The literature on disc arthroplasty is expansive and can be challenging to interpret. There are many observational studies, randomized controlled trials, and meta-analyses that seemingly report conflicting findings (13,16-33). Furthermore, arthroplasties are not a single entity. Lumbar and cervical artificial discs vary from each other, and implants within each category are different in their constructs and biomechanics. The aim of this paper is to present and contextualize the current available literature on disc arthroplasty, highlight recent advancement in the field, and report on significant basic science research to showcase the future direction of disc arthroplasty and how current challenges are tackled.

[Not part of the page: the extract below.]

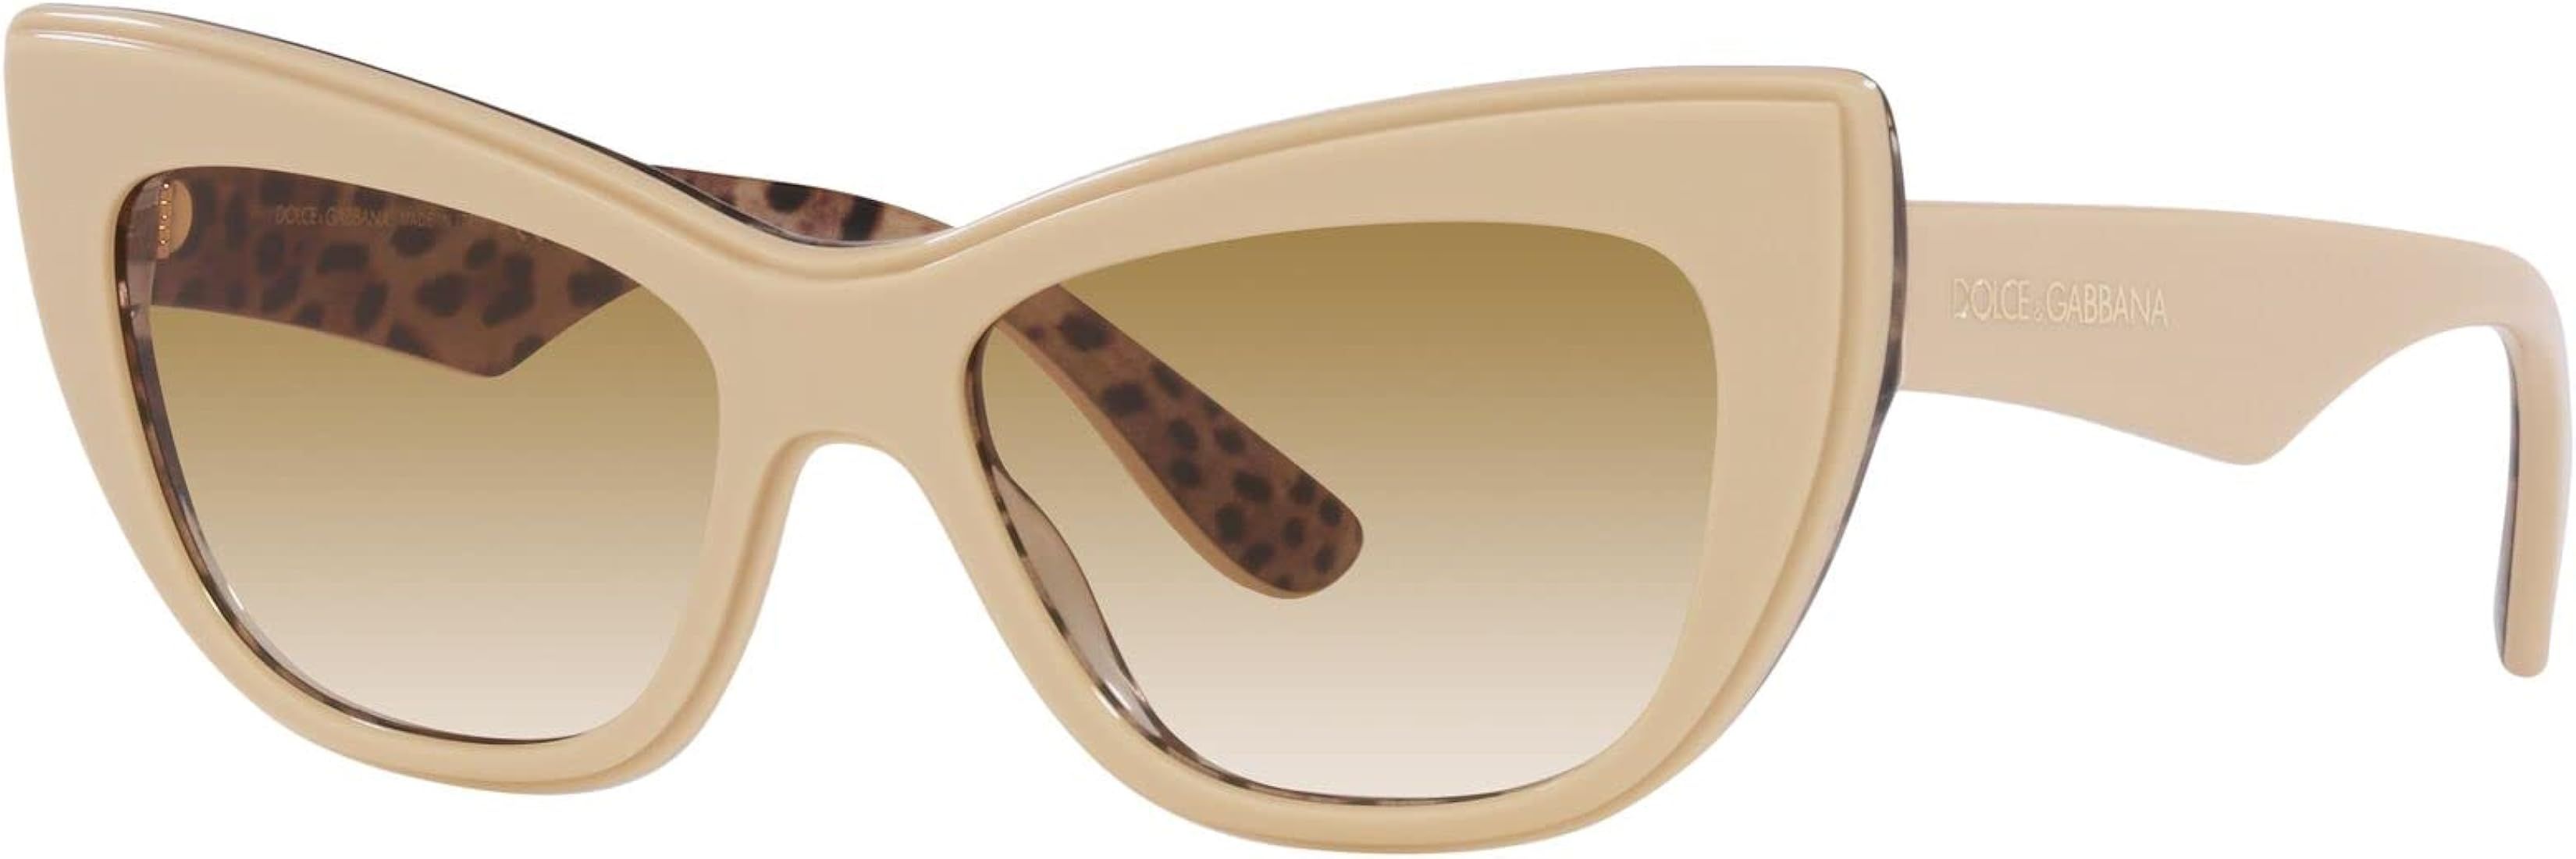 Dolce & Gabbana Sunglasses DG 4417 338113 White Leo | Amazon (US)

Artificial disc development: design, biomaterials, and tissue engineering

Artificial discs have gone through a tremendous amount of transformation; there have been more than 30 designs before the first device was used clinically (34). Fernstrom was the first to describe a disc arthroplasty procedure in 1966. The device was a ball bearing implanted in the lumbar disc space. Initial outcomes of this arthroplasty showed promising results which encouraged development in the field.

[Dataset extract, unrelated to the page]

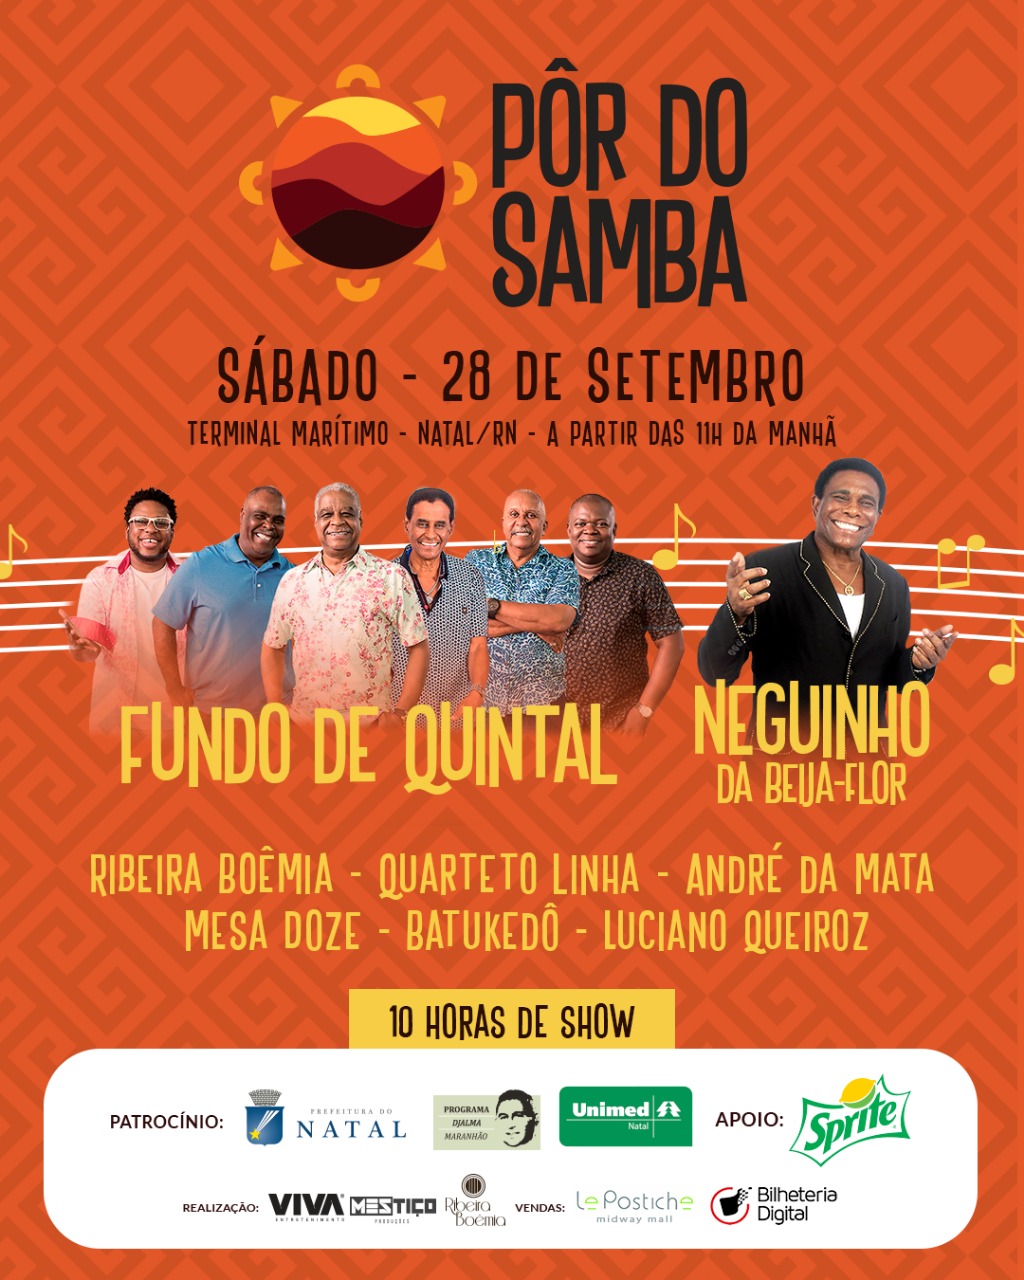 Últimos ingressos para o maior festival de samba do RN

The start of commercial-level arthroplasty occurred in the 1980s (15). The first lumbar implant used commercially was the Charite (DePuy, Raynham, MA, USA) which underwent 3 iterations, the last of which was introduced in 1987. The Charite III consisted of a pair of polymeric sliding cores affixed to 2 titanium coated metallic endplates. The Prodisc L (Synthes Spine, West Chester, PA, USA) was released soon after and also used a polymeric core and metallic endplates. The Maverick disc (Medtronic, Memphis, TN) was the first metal on metal articulating disc and was conceived in 2002. Since then, multiple artificial discs—lumbar as well as cervical—have been introduced, such as the active-L, Prestige, Mobi-C, O-Mav, Flexicore, Cadisc, and the M6s.

Although there is no equivalent to the implant endplate in the natural disc, they are a component in every disc implant and play a role in stabilization (35). Endplates can be made up of alloys from cobalt-chrome, stainless steel, titanium, or a metal and ceramic composite (36). The osteoconductive nature of titanium enhances the chance of solid adhesion with the adjacent vertebra. Furthermore, additional features of the endplate aid in stabilization and are in the form of spikes, keels, or screws. Although they support in fixation, these features do have a risk of impacting the vertebral endplate and can impose a challenge for revision (37).

Artificial discs can be classified according to their structure as articulating or non-articulating (35). Articulating implants are composed of 2 or 3 solid discrete components that are combined in a ball-in-socket or ball-in-trough configuration. Ball-in-trough designs are more capable of allowing physiologic translational motion that ball-in-socket devices don’t allow. However, articulating devices in general lack a compressible component that mimics the shock absorbance of the nucleus pulposus in the natural disc. This is unlike non-articulating devices, which are more complex in their structure and contain a soft core that both allows compression and a limited ROM (38).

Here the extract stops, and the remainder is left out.